• _WORK TASK_
Exclude images; transcribe the rest of the data exactly.
▽
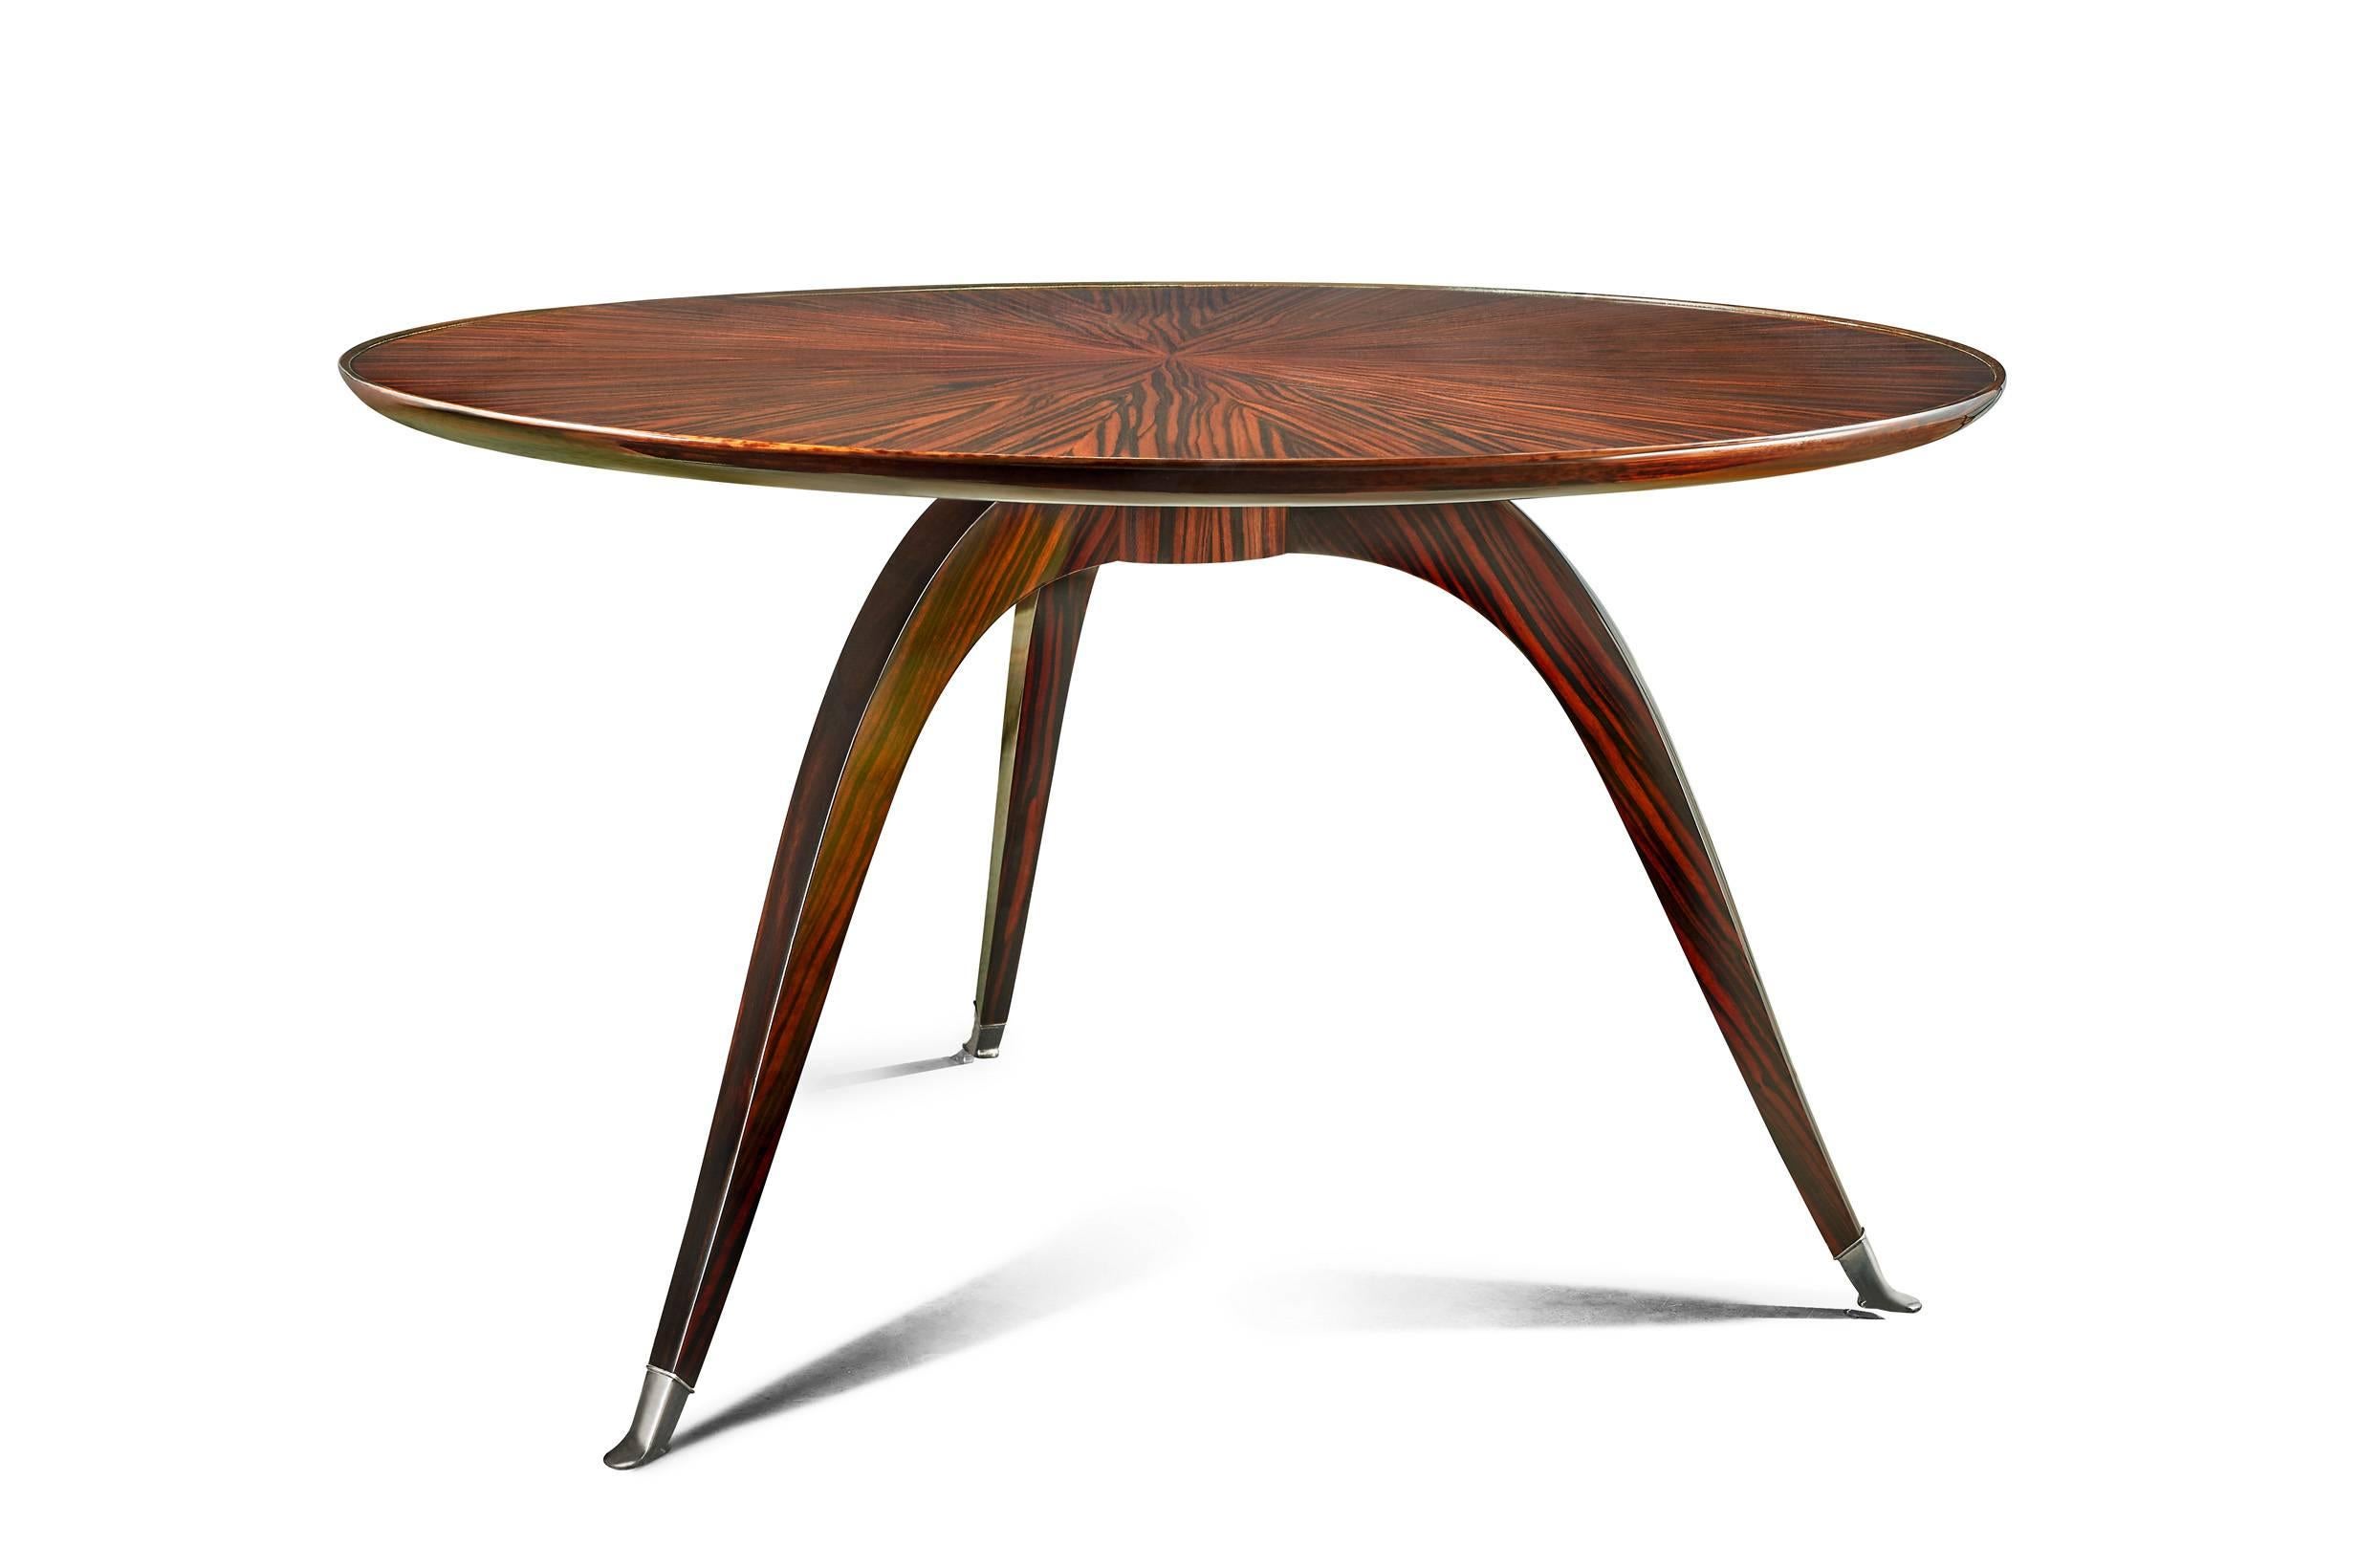 Inspired by Ruhlmann creations, this table was by created by Rinck in 2006.

Details : 

Macassar ebony sunburn top,
silvered bronze sabots,
varnish finishing.
△
• _OUTPUT OF THE TASK_
 Inspired by Ruhlmann creations, this table was by created by Rinck in 2006.

Details : 

Macassar ebony sunburn top,
silvered bronze sabots,
varnish finishing.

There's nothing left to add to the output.